The researchers at Yale propose regulating hospitals rather than insurance. Either states or the federal government should require hospitals to sell a package of emergency medical care, which includes both hospital and physician services, to insurers. As a result, hospitals would have to purchase emergency physician services in a local labor market, which would maintain competition, and submit a single bill to insurance companies rather than the current practice of separate prices for hospital services and physician services. When patients choose an in-network emergency department to receive care, they resultantly choose this package of emergency services and are shielded from surprise billing.

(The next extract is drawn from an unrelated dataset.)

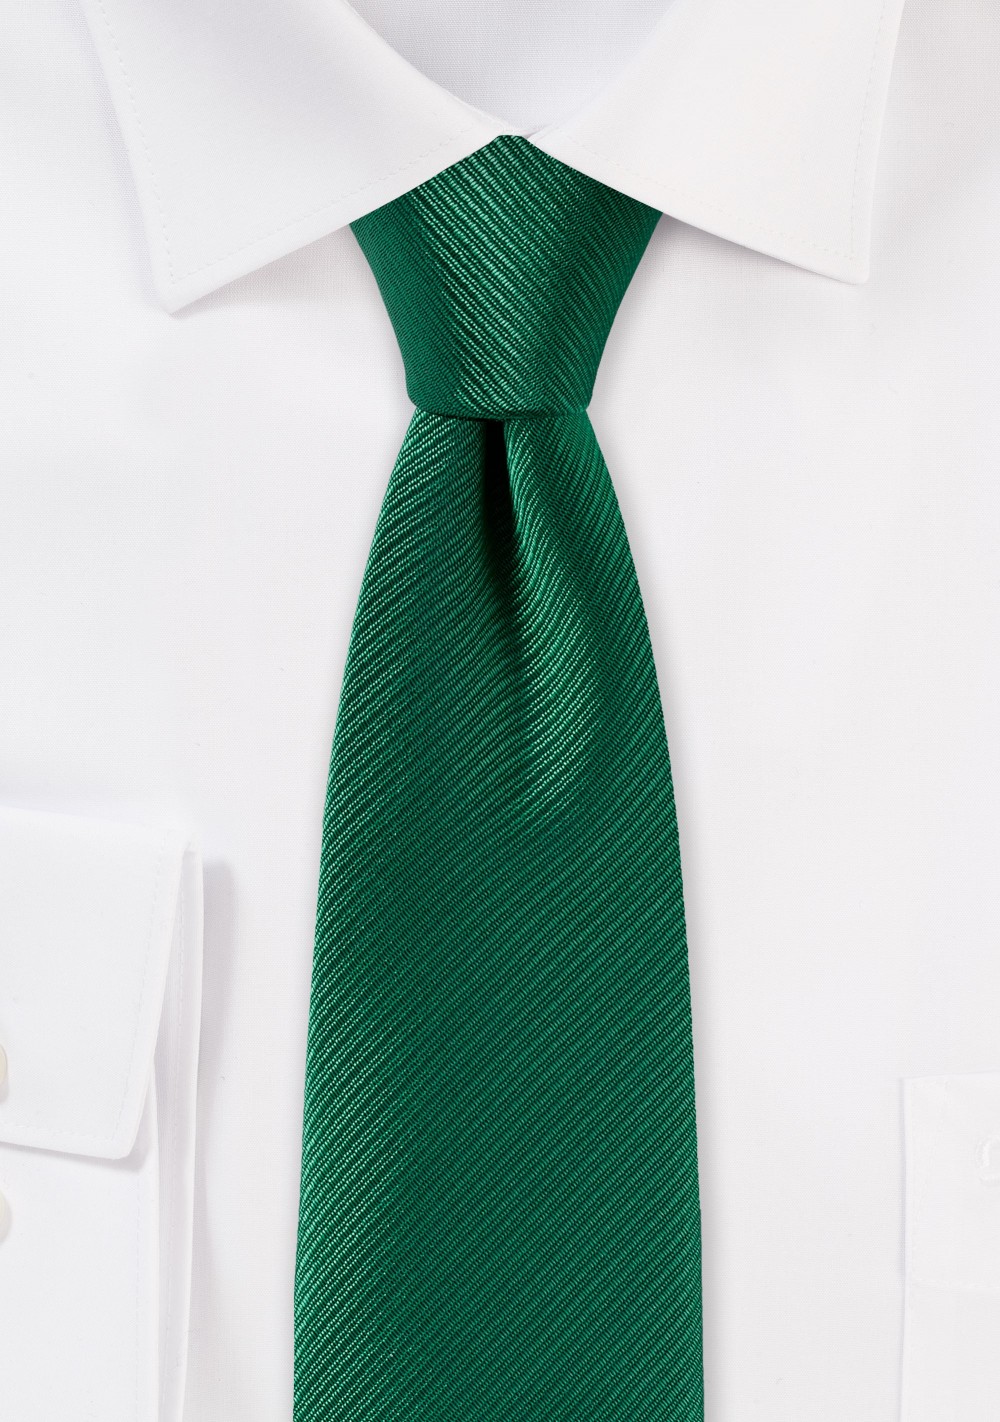 Trendy Skinny Tie in Emerald Green

Unlike many challenges in health care policy, preventing surprise billing is a problem that both sides of the aisle agree on, and where solutions exist. In late September, a bipartisan group of senators released draft language for a bill that provides nearly comprehensive federal protections from surprise out-of-network billing. Policymakers have the opportunity to concretely solve a problem that currently victimizes patients and vilifies physicians. They should take it—journalists may have an unlimited supply of ink, but they shouldn’t have to keep spilling it to remedy what is an obvious injustice.